▸ **TASK DIRECTIONS**: The whole listing, except its pictures, is to be repeated exactly.

▸ **RAW DATA**:
++++++++
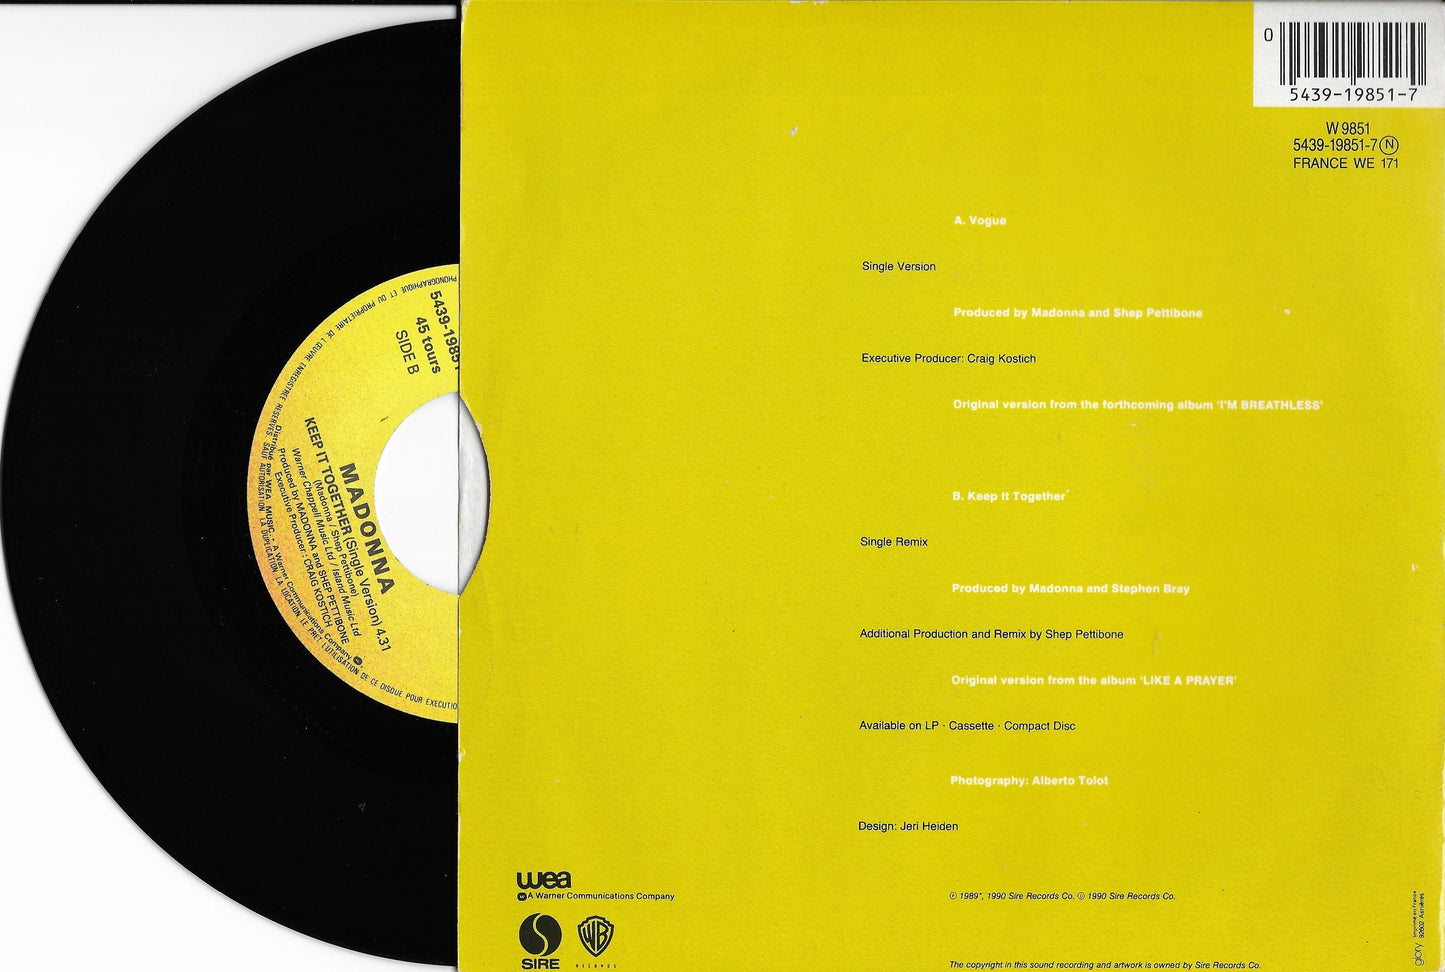 Disque Vinyle 45 tours Occasion - DE BLANC - Hush – digg'O'vinyl
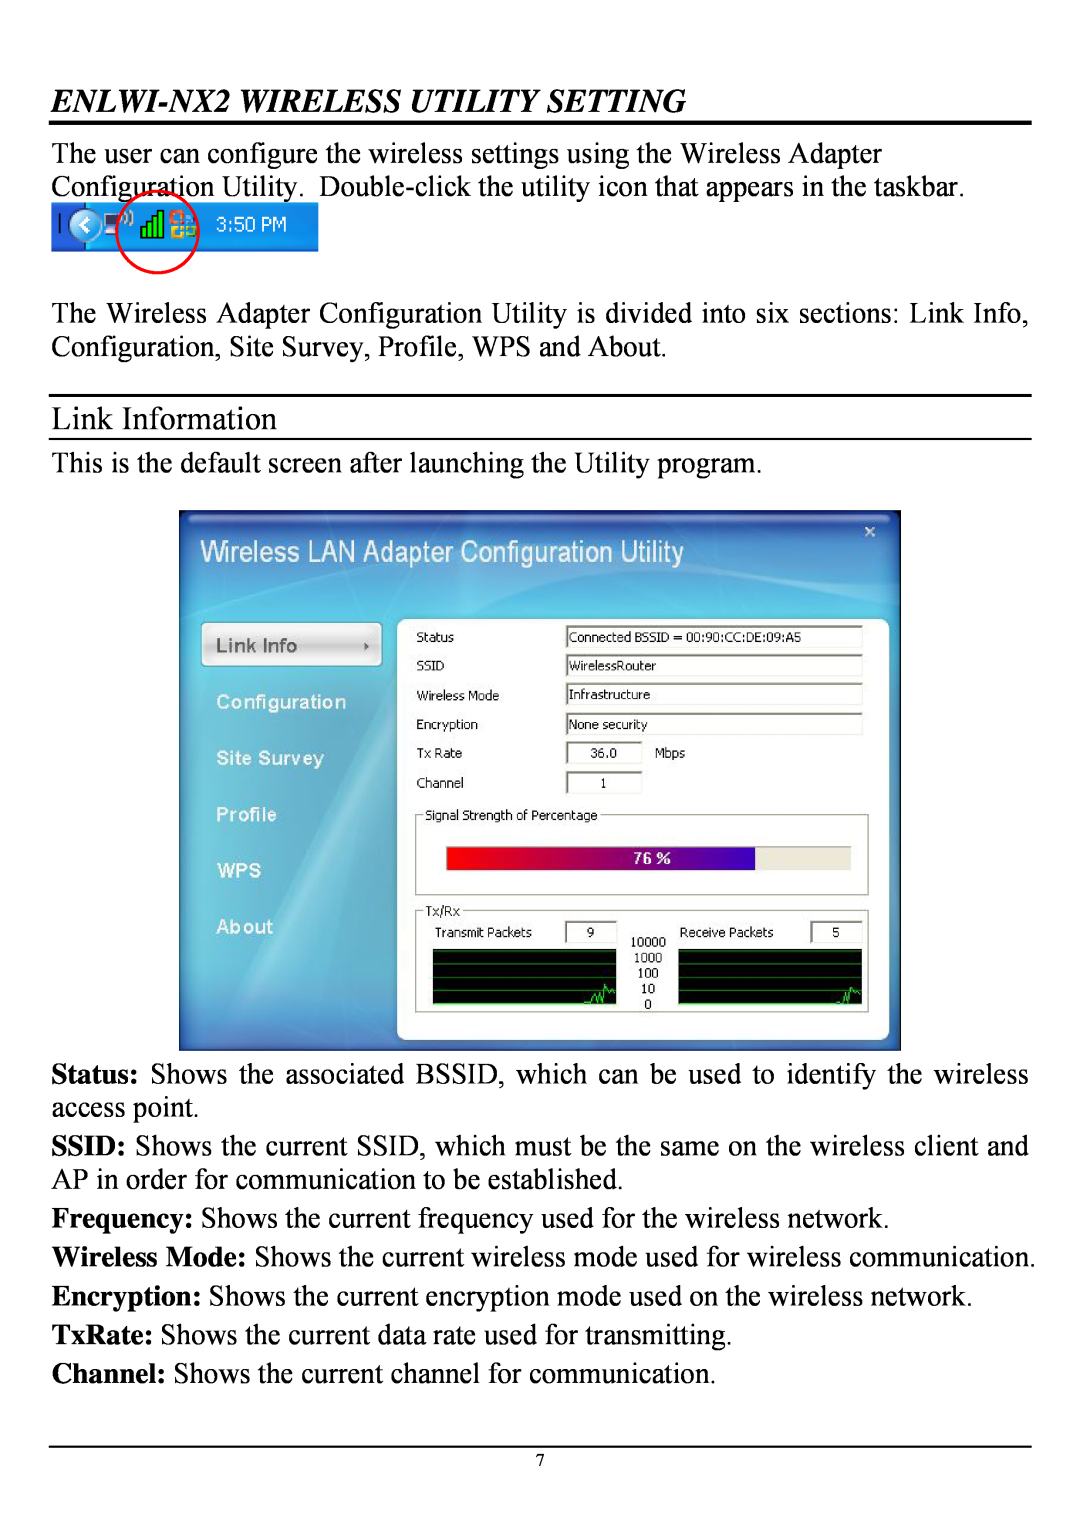 Encore electronic manual ENLWI-NX2 WIRELESS UTILITY SETTING, Link Information 
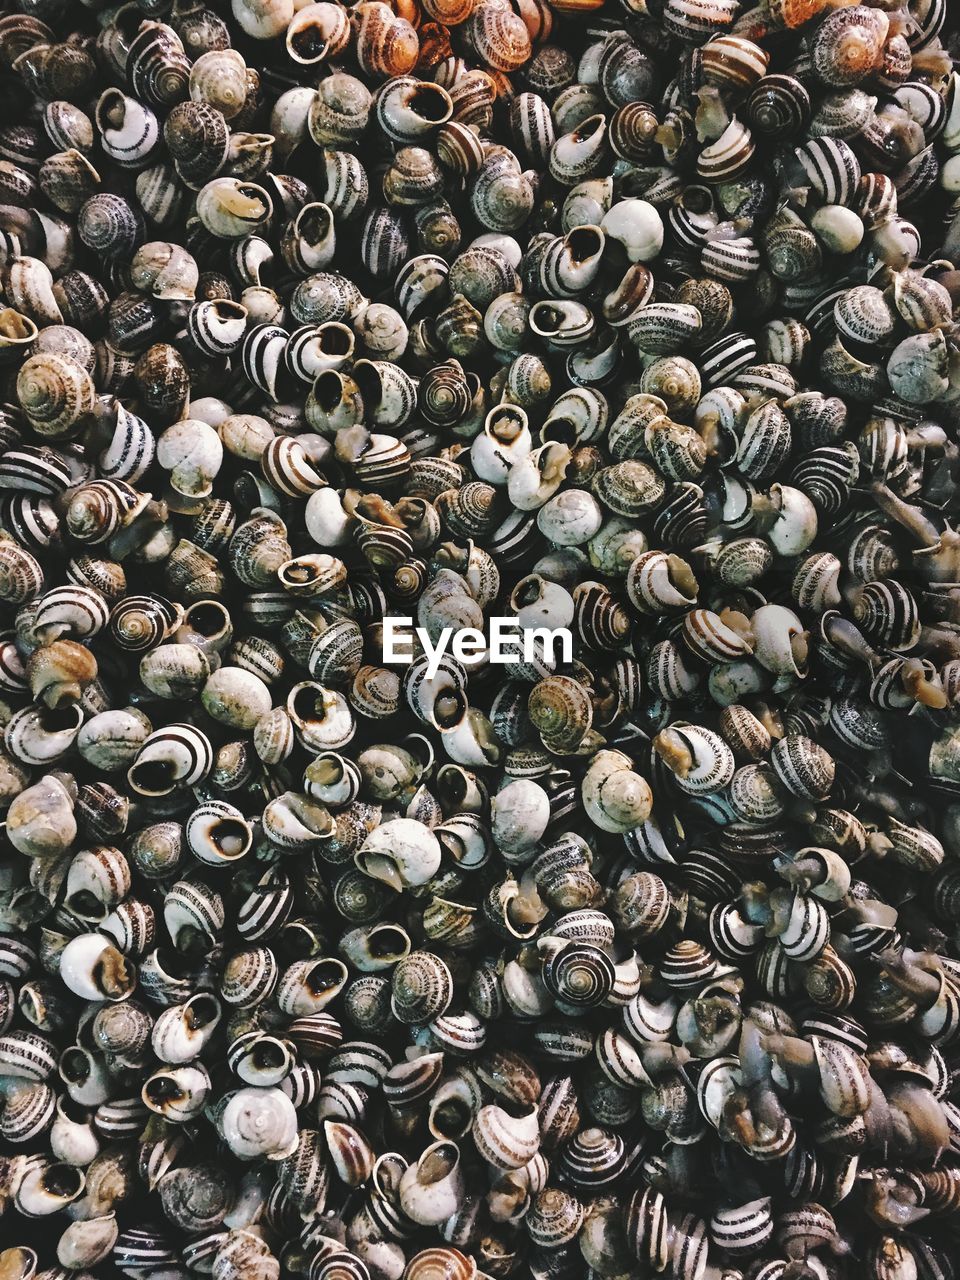 Pile of snails
++++++++
▸ **FINAL ANSWER**:
 Disque Vinyle 45 tours Occasion - DE BLANC - Hush – digg'O'vinyl
 Encore electronic manual ENLWI-NX2 WIRELESS UTILITY SETTING, Link Information 
 Pile of snails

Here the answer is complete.